== Listed records ==

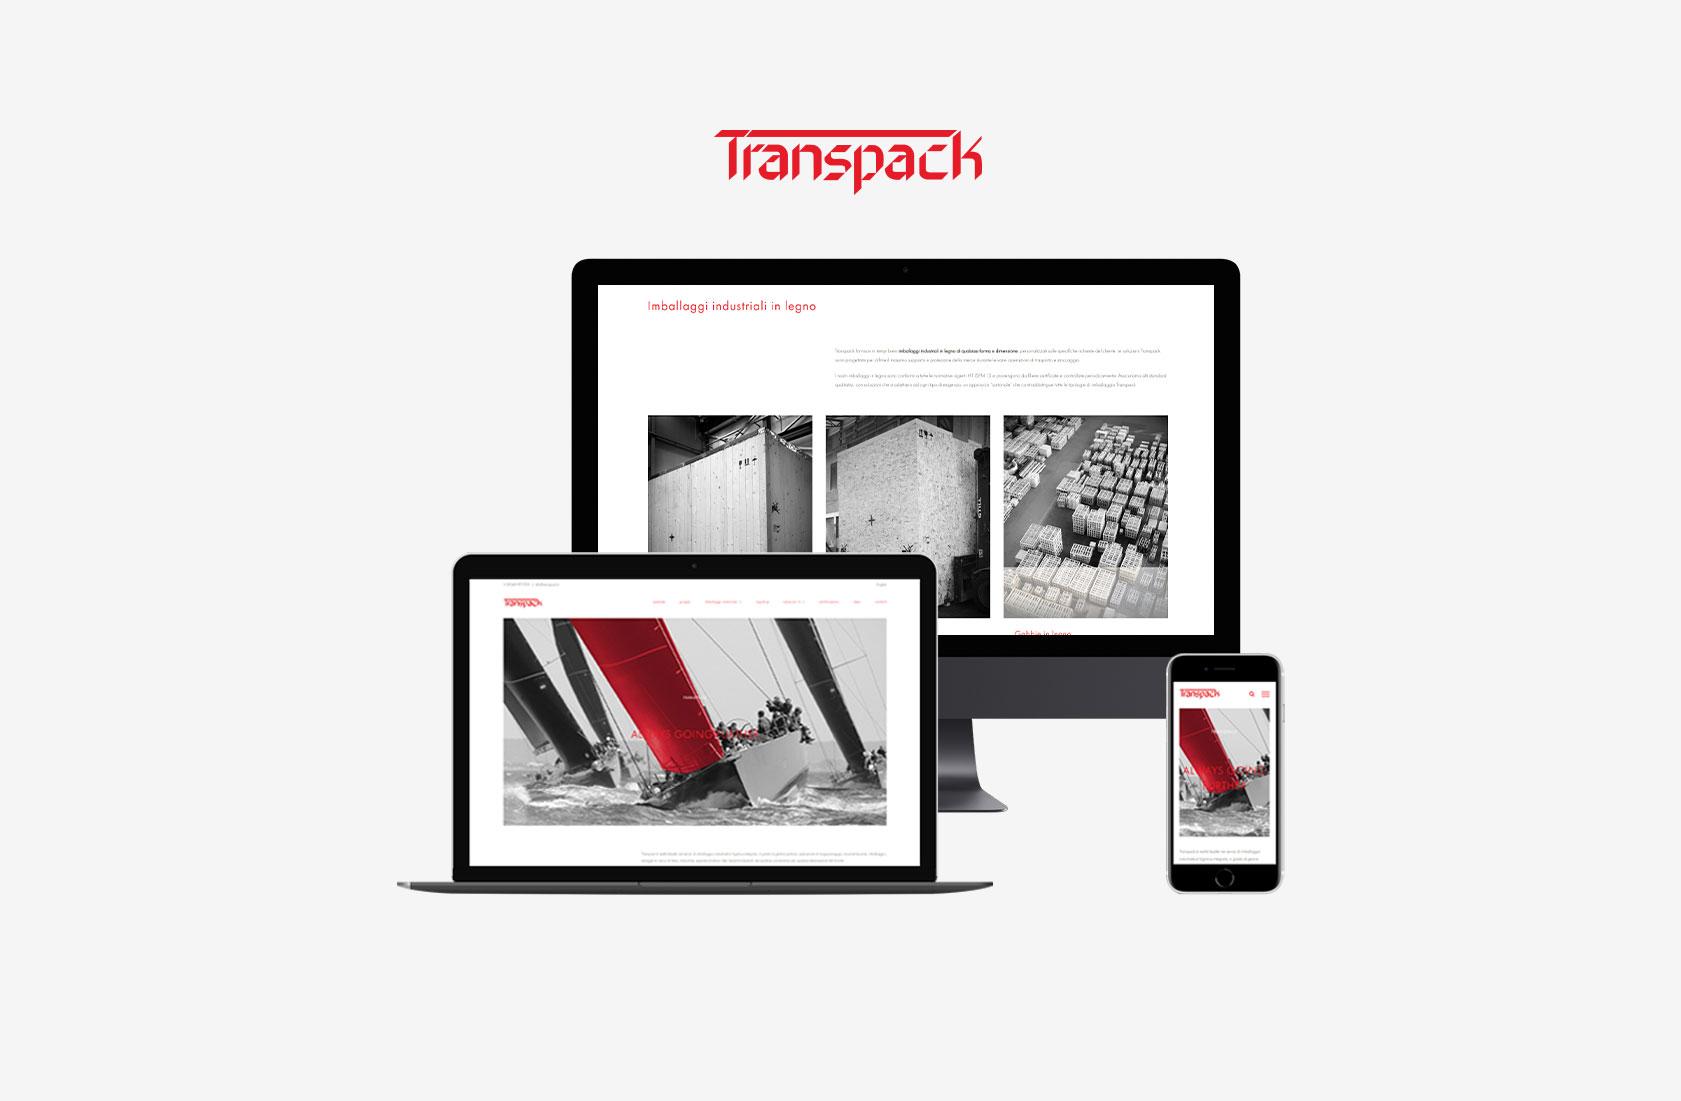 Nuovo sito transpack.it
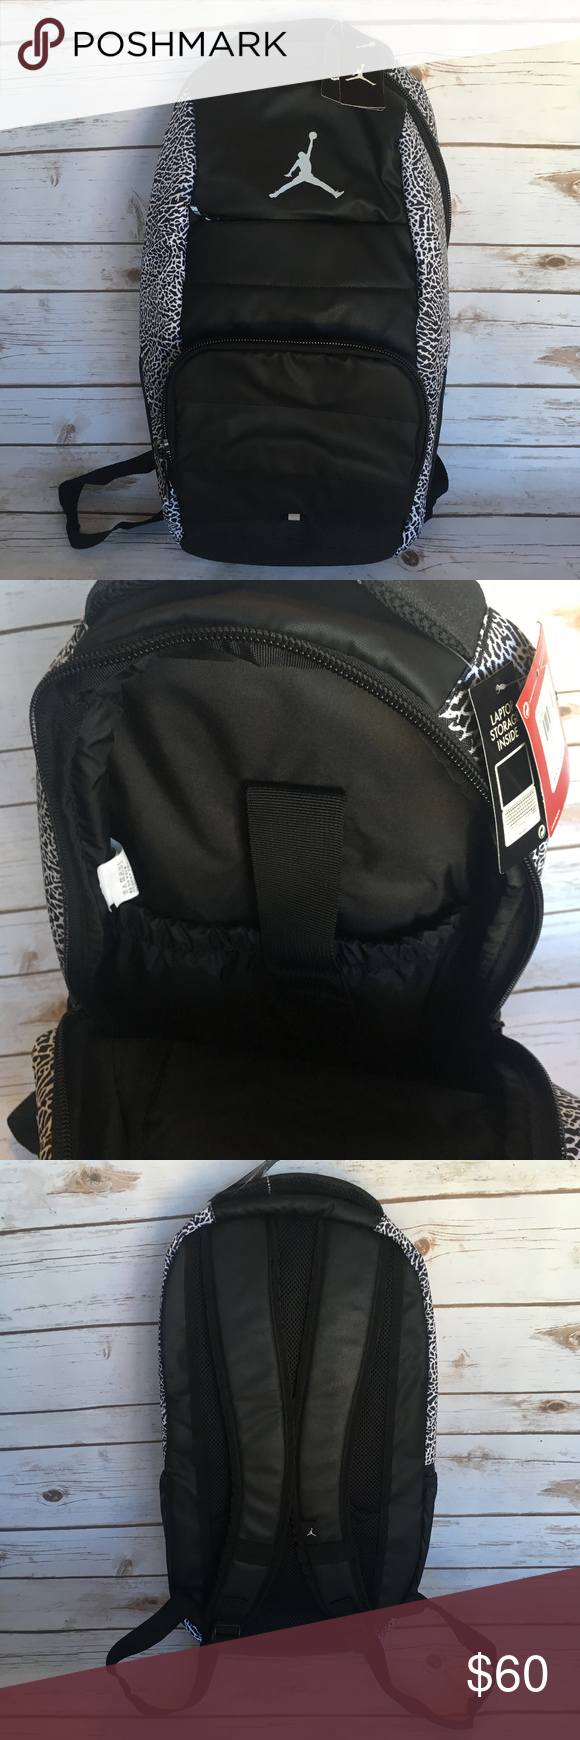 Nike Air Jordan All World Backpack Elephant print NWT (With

===
== Listed records ==

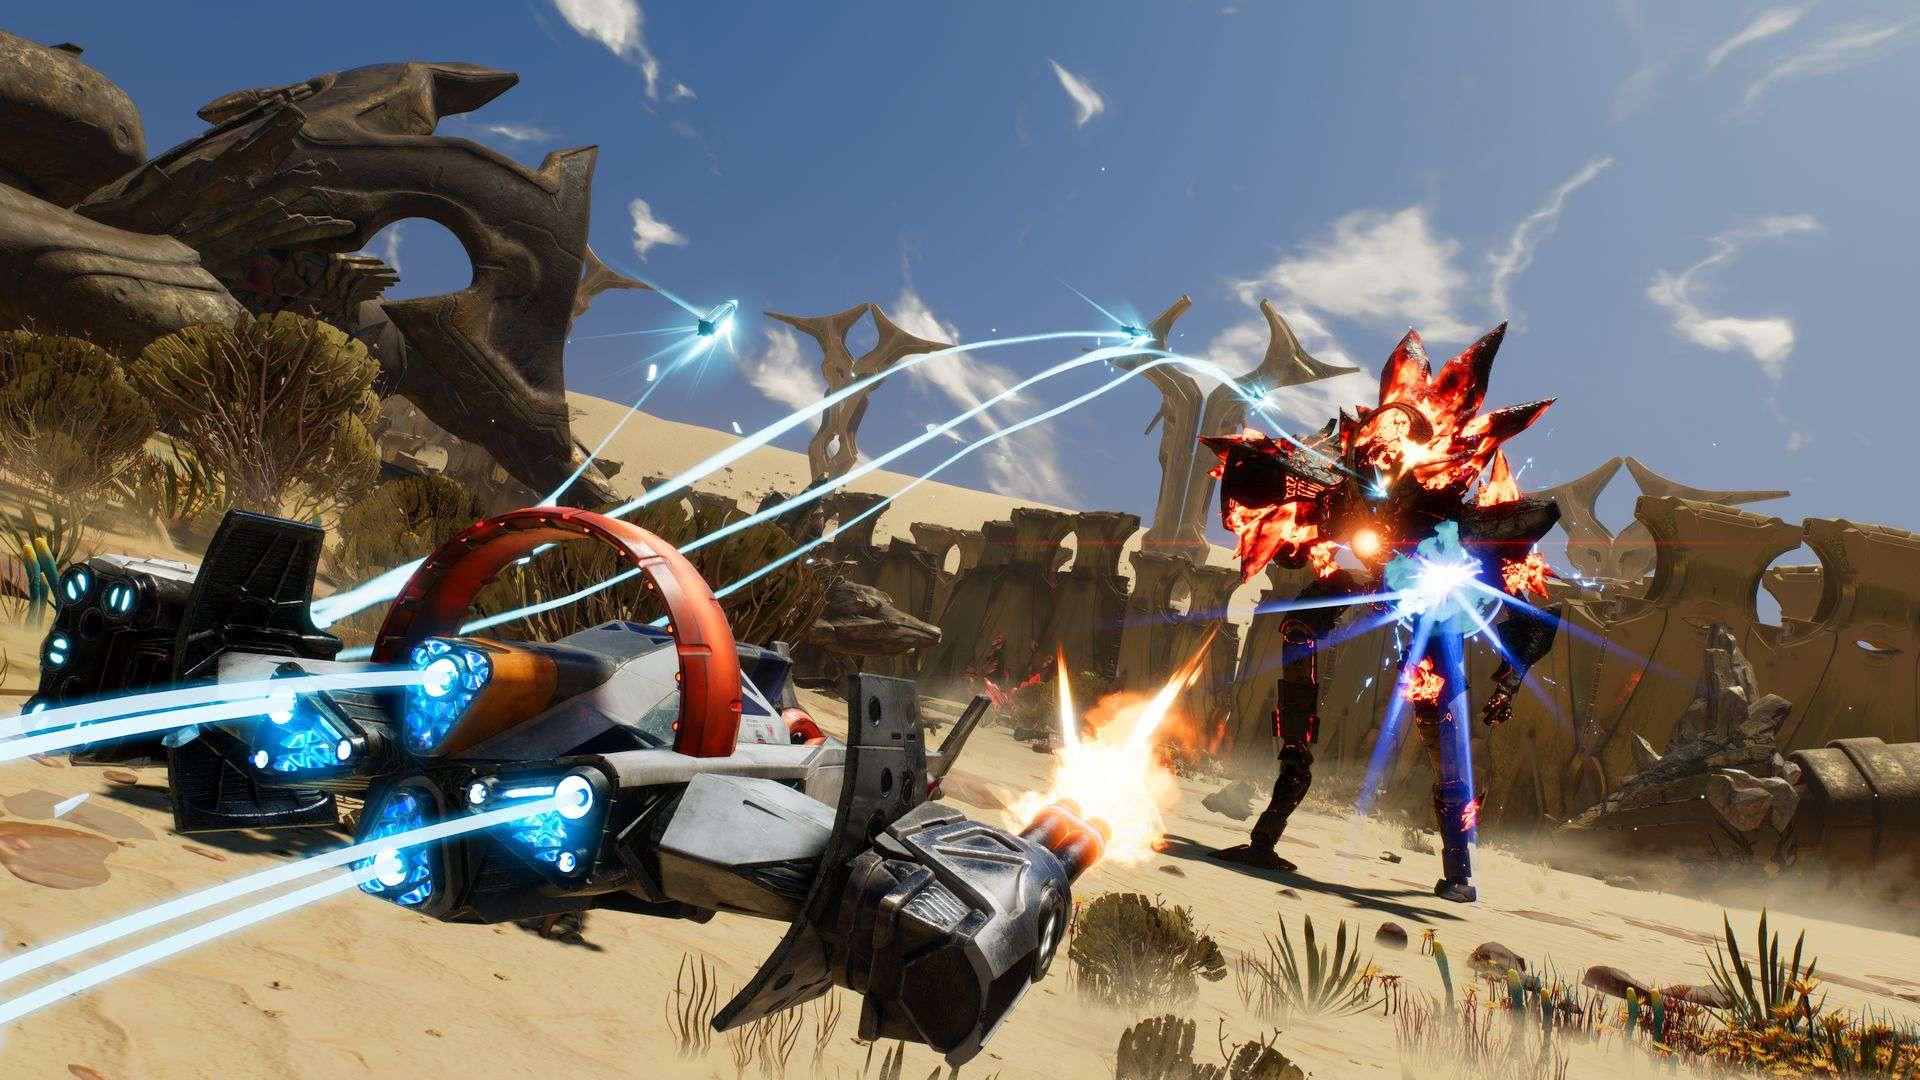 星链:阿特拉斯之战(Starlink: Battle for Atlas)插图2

===
== Listed records ==

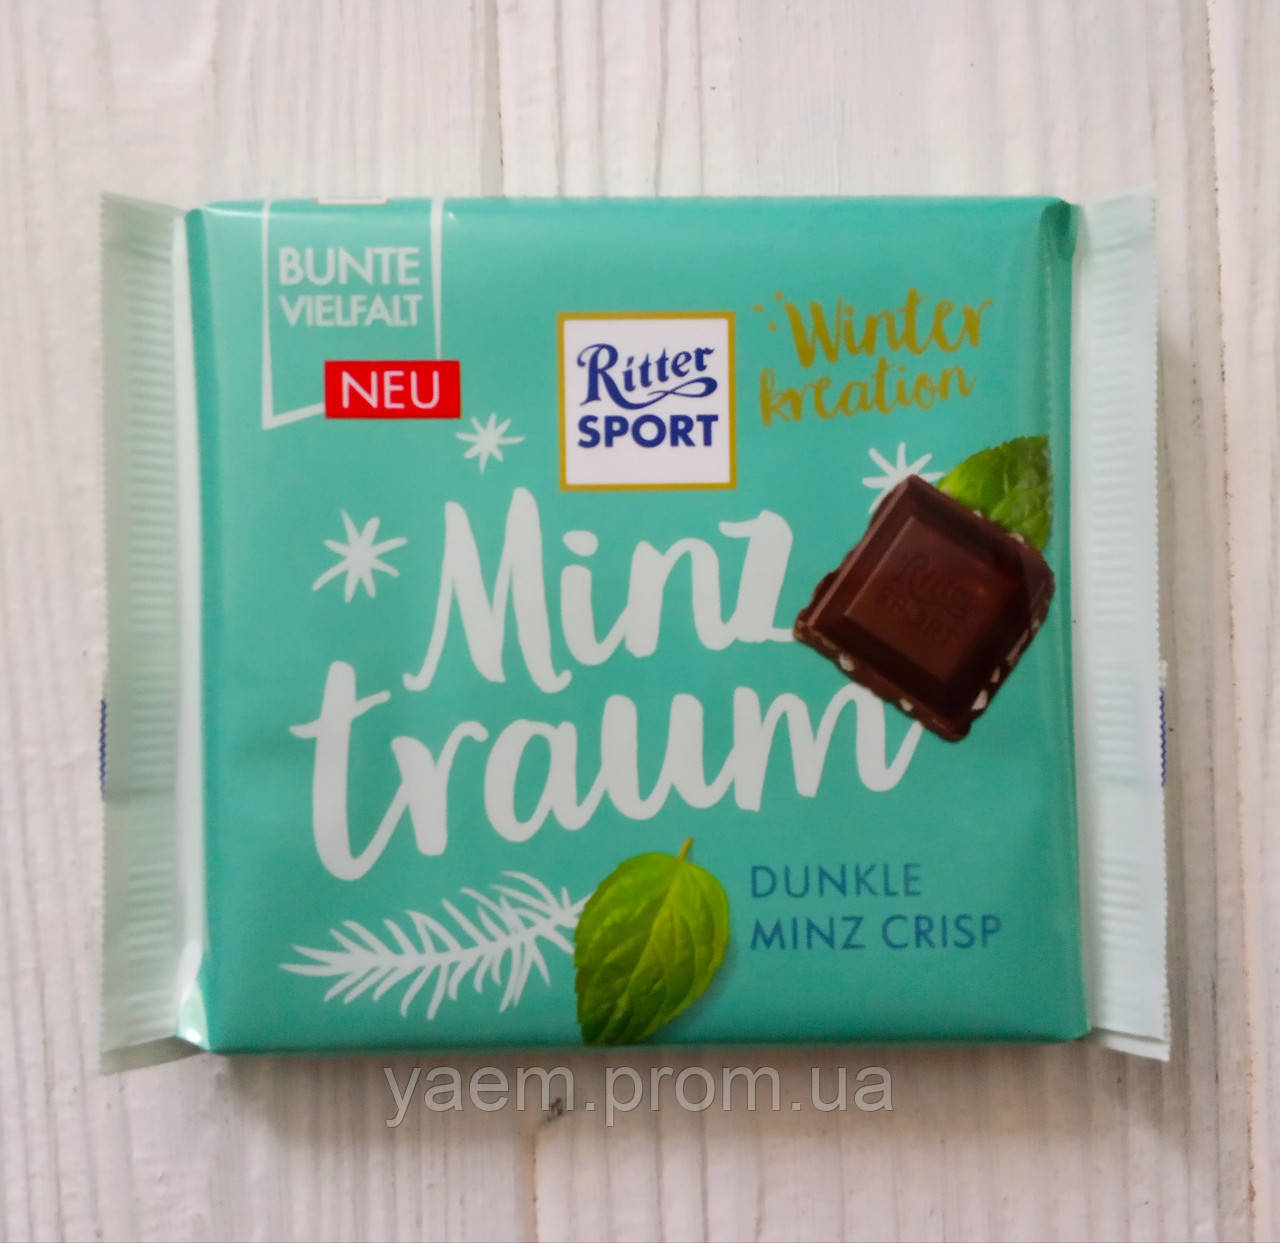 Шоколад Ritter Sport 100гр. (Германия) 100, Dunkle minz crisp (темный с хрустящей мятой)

===

## Your objective
Leaving pictures out, output the lines of the data above from the one with "Nuovo sito transpack.it" through the one with "Nike Air Jordan", word for word.

## Task result
 Nuovo sito transpack.it
 Nike Air Jordan All World Backpack Elephant print NWT (With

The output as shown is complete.